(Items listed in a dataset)
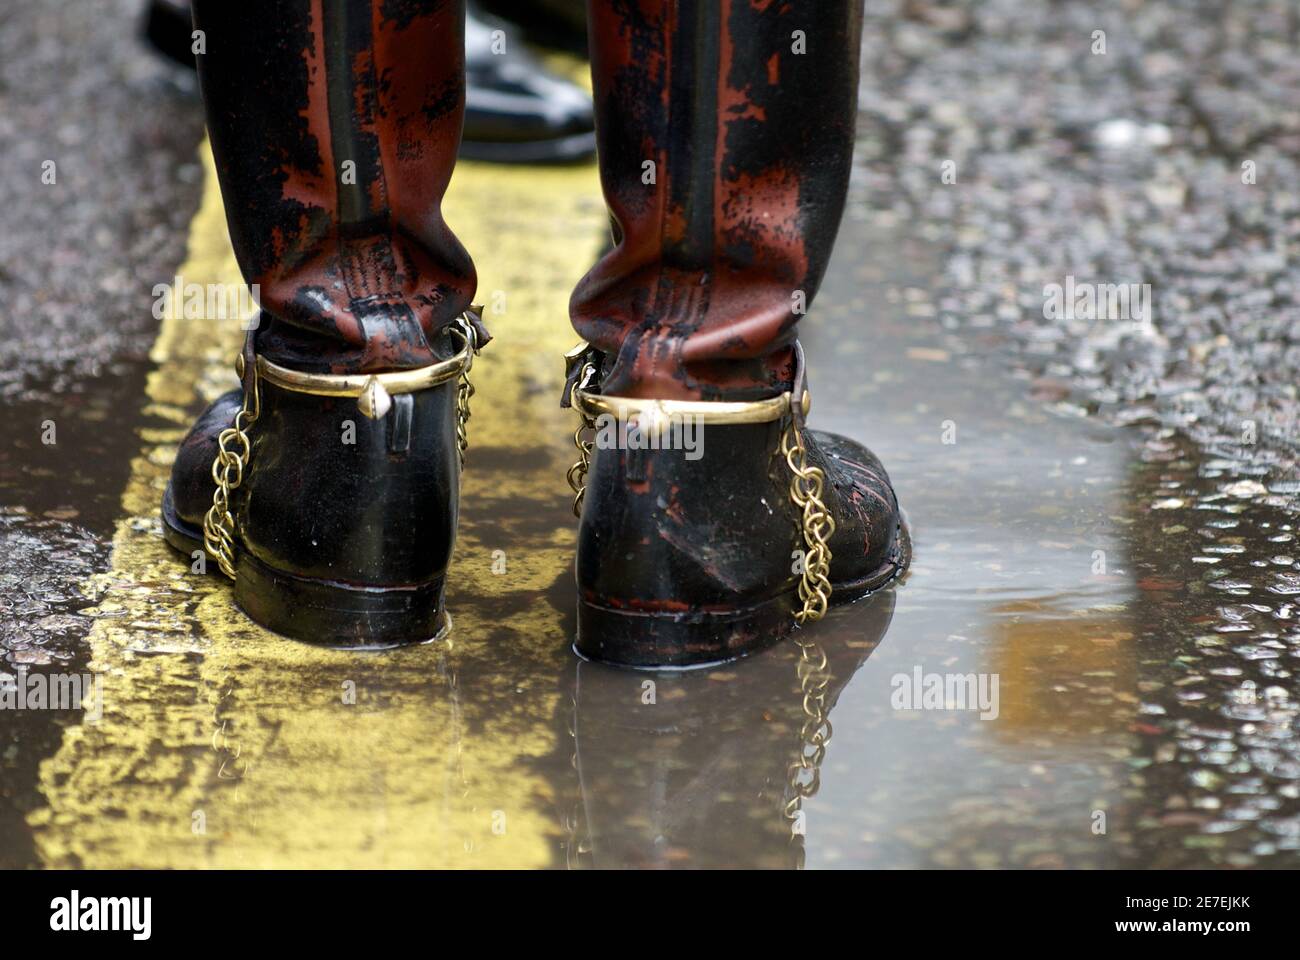 Boots of Bravery: Firefighter's Heroic Journey Captured During an Intense Operation Stock Photo
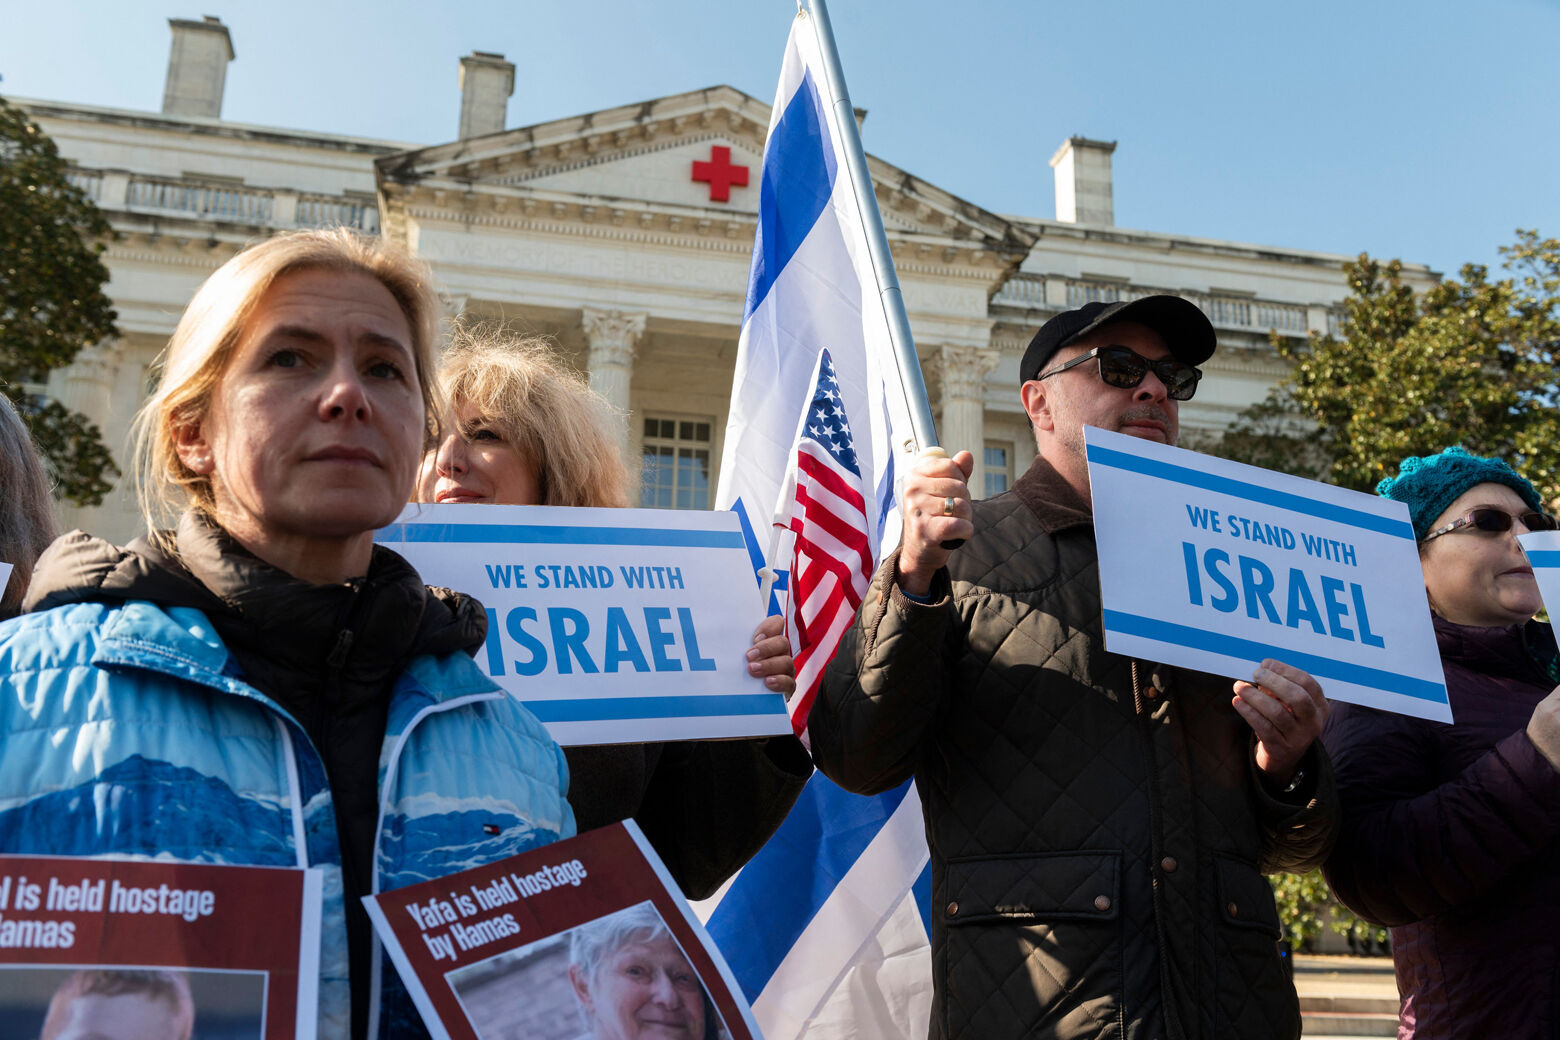 ‘March for Israel’ in DC expected to bring large crowds, parking and
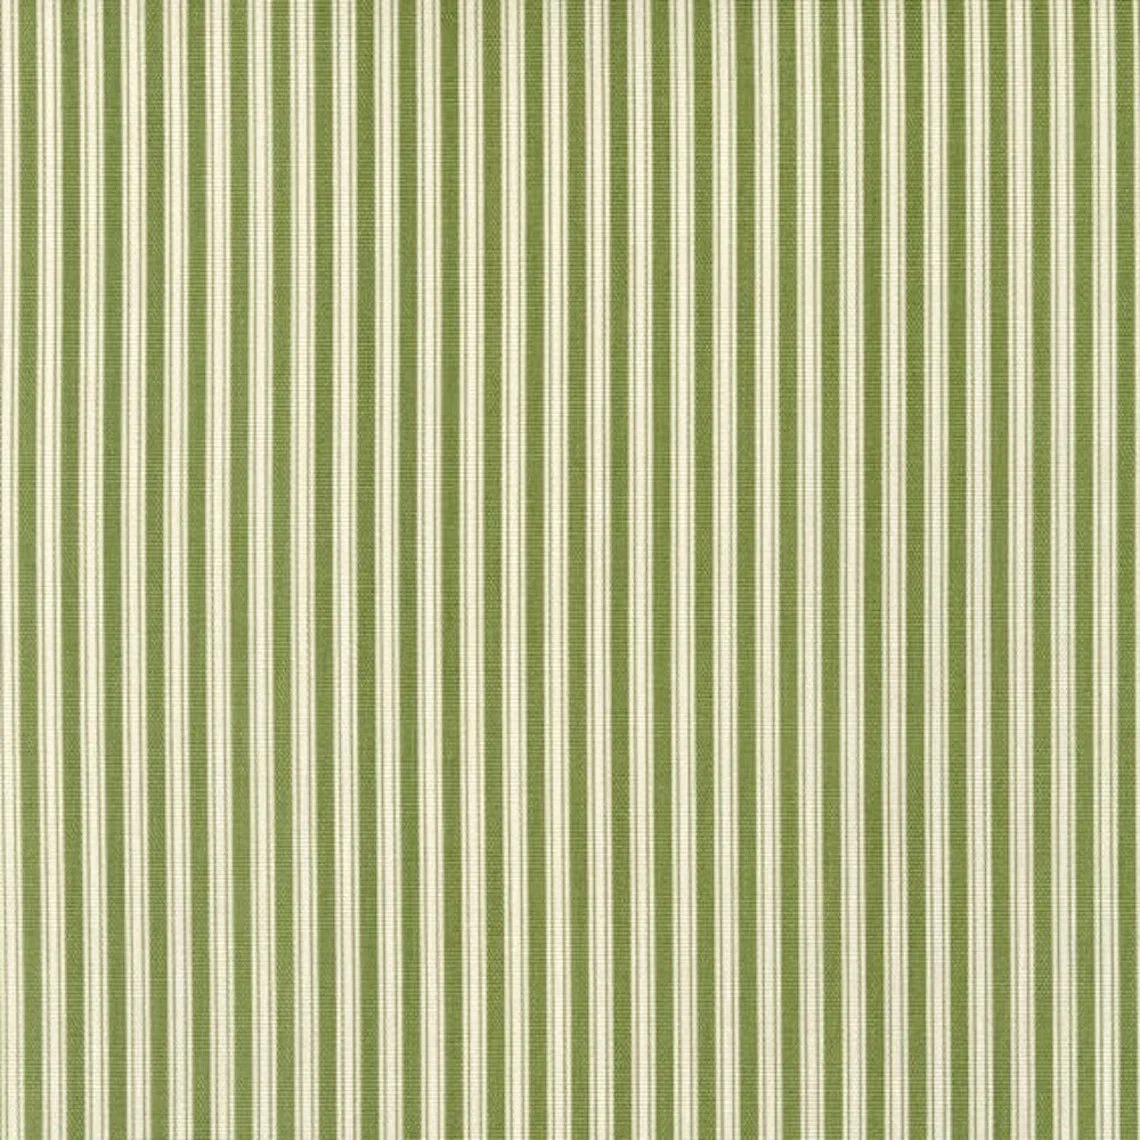 rod pocket curtain panels pair in polo jungle green stripe on cream
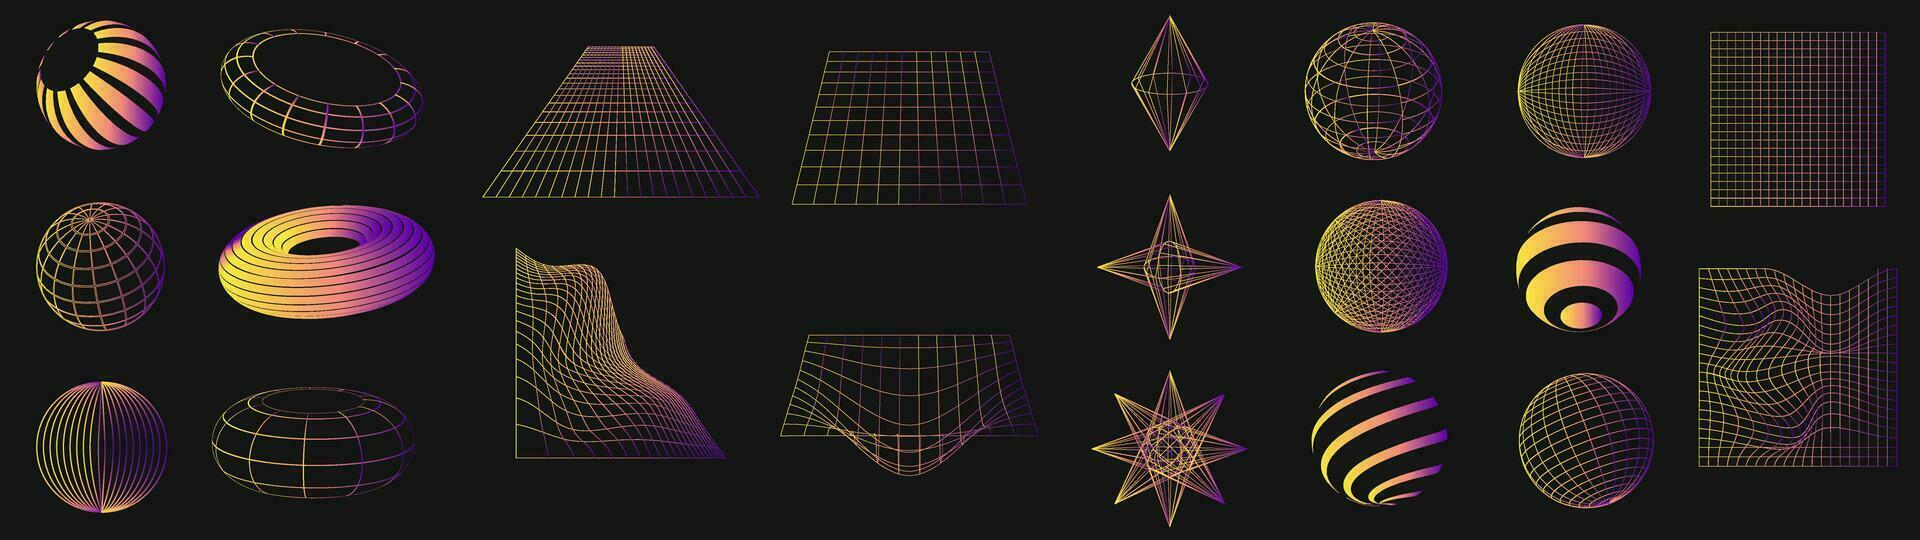 Big set of wireframe shapes. Cyber neo futuristic grids, 3d mesh objects and shapes. Wireframe wavy geometric perspective ball, sphere, rhombus, oval, grid, . 80s cyberpunk elements, vector set.
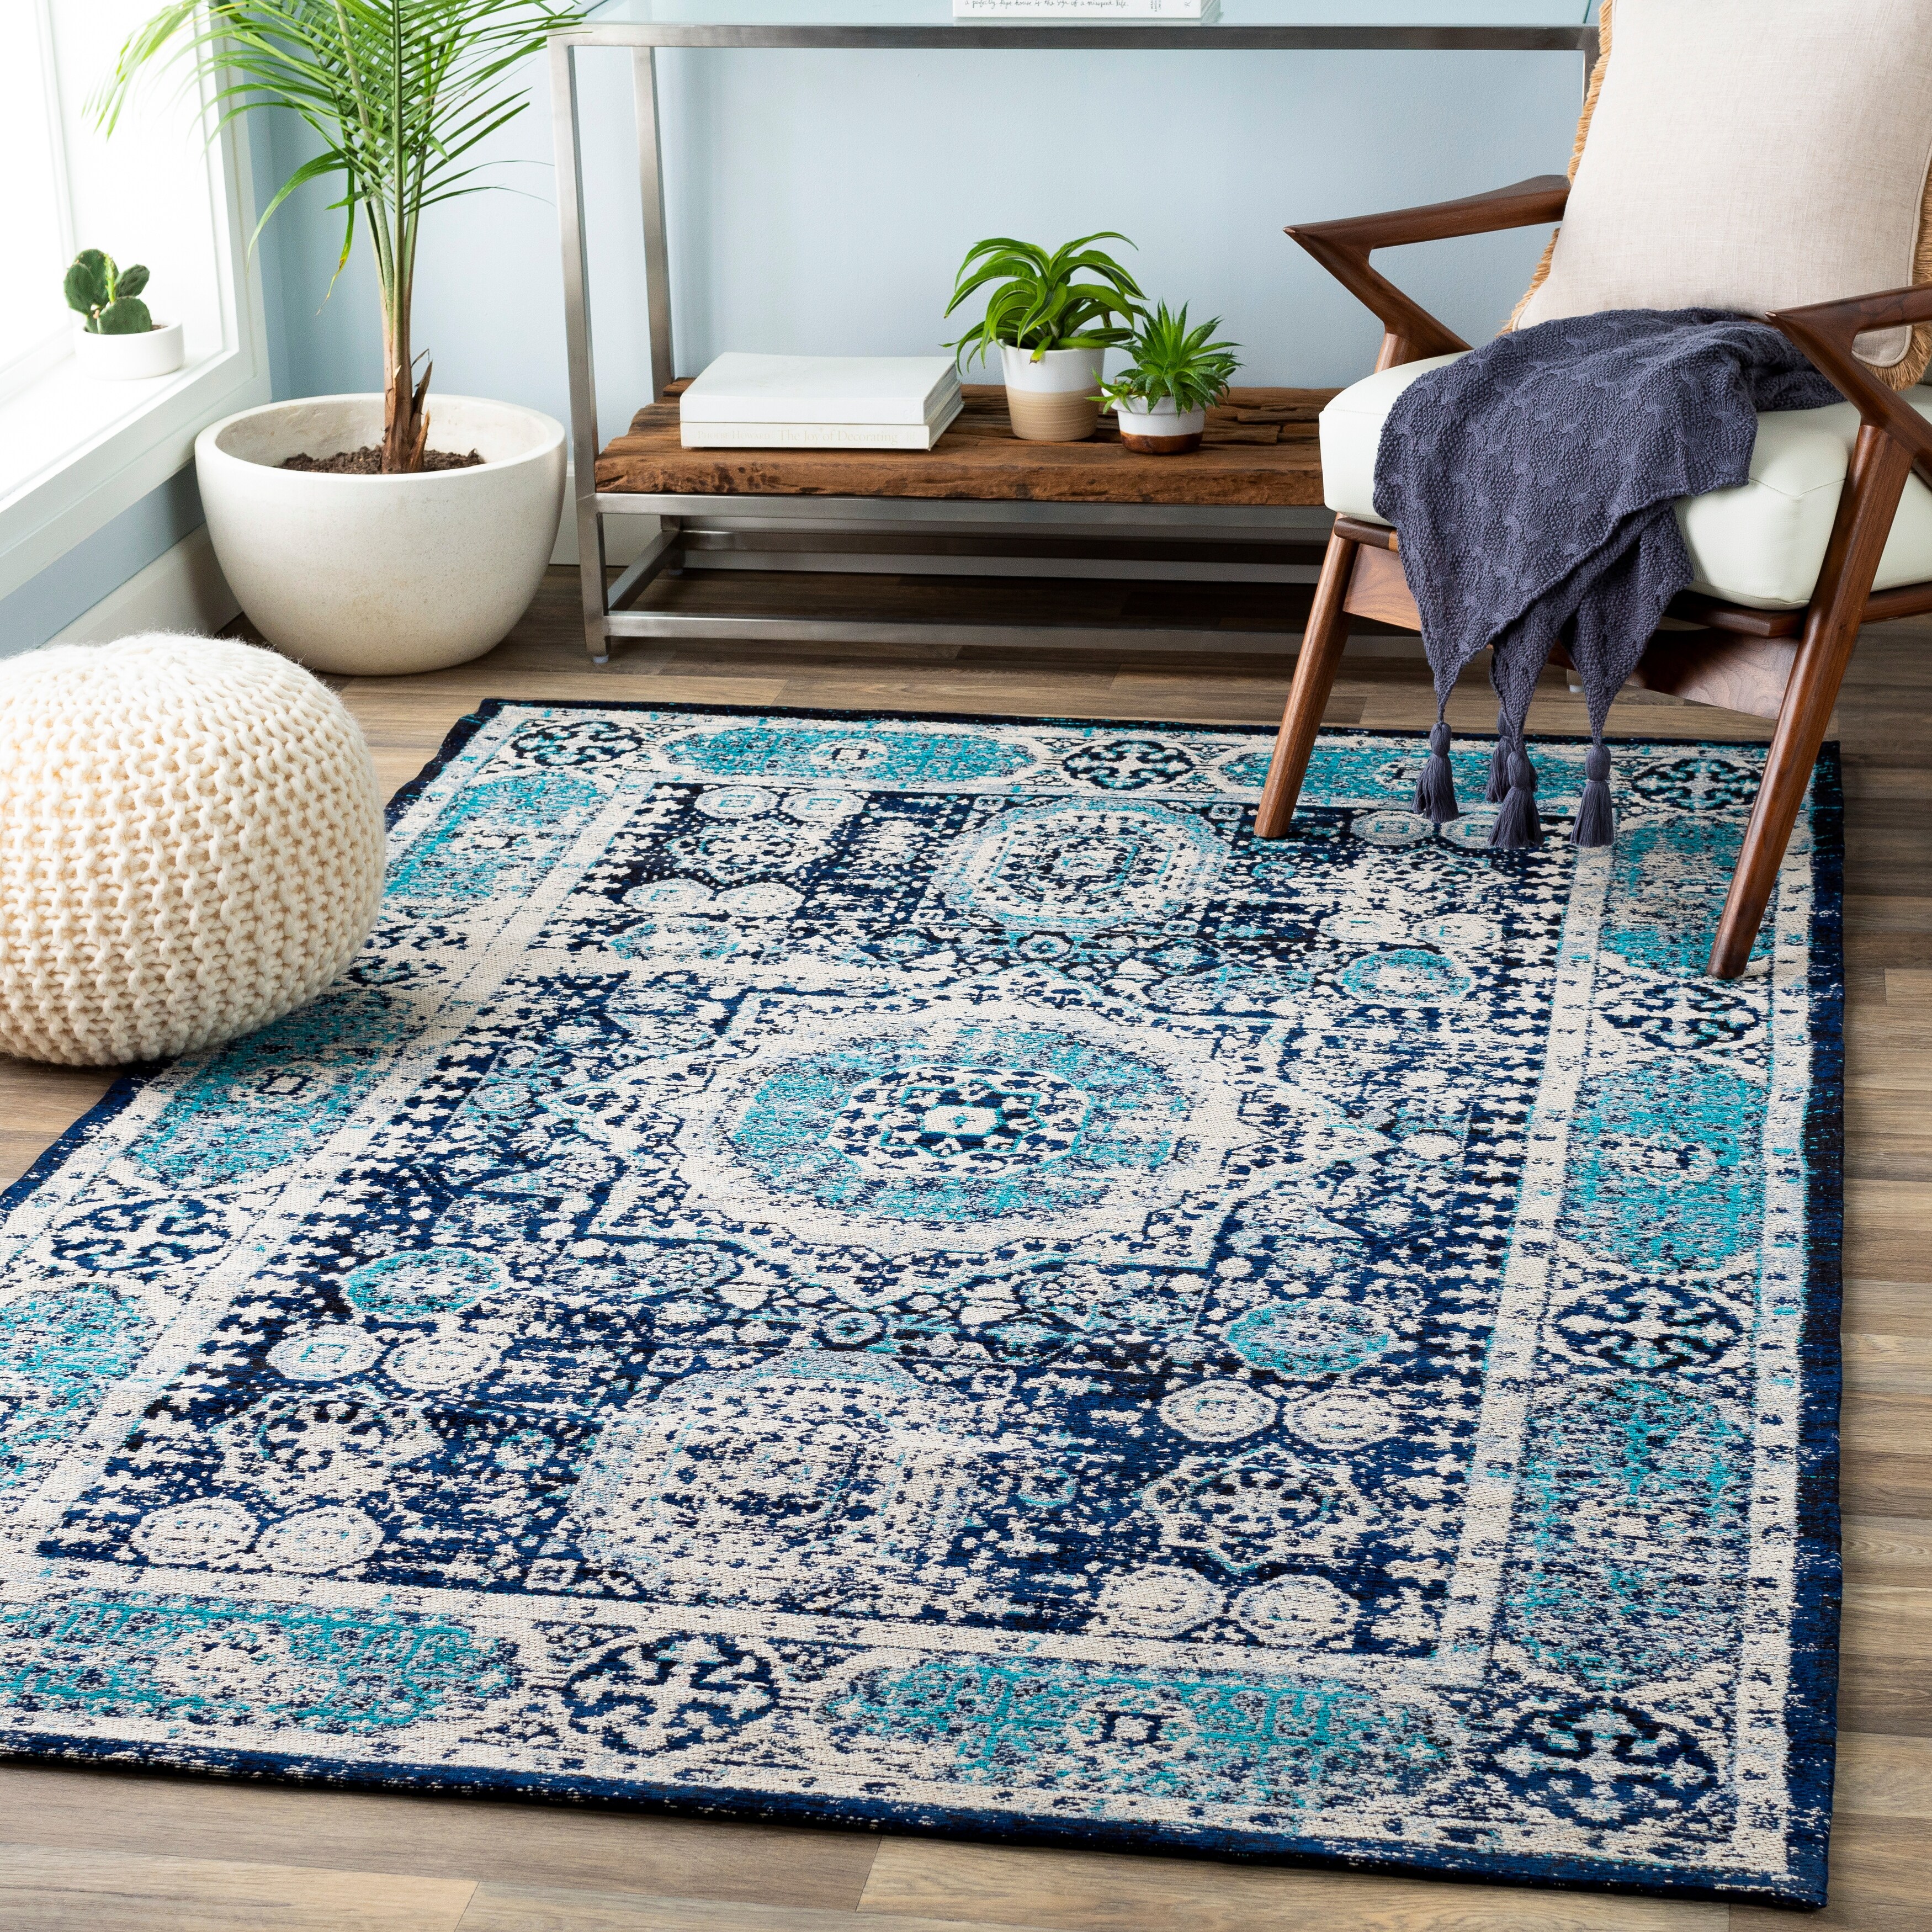 https://ak1.ostkcdn.com/images/products/is/images/direct/92ae92a0b47ab5c0d51ae21b4cd4a6815455eed6/The-Curated-Nomad-Sweeny-Hand-woven-Area-Rug.jpg

## REQUIREMENT
Extract the run of lines beginning with the line that holds "crowds, parking and" and ending at the last line of the data, inclusive. Exclude any pictures from the copy.

## RESULT OF THIS EXERCISE
 ‘March for Israel’ in DC expected to bring large crowds, parking and
 rod pocket curtain panels pair in polo jungle green stripe on cream
 Big set of wireframe shapes. Cyber neo futuristic grids, 3d mesh objects and shapes. Wireframe wavy geometric perspective ball, sphere, rhombus, oval, grid, . 80s cyberpunk elements, vector set.
 https://ak1.ostkcdn.com/images/products/is/images/direct/92ae92a0b47ab5c0d51ae21b4cd4a6815455eed6/The-Curated-Nomad-Sweeny-Hand-woven-Area-Rug.jpg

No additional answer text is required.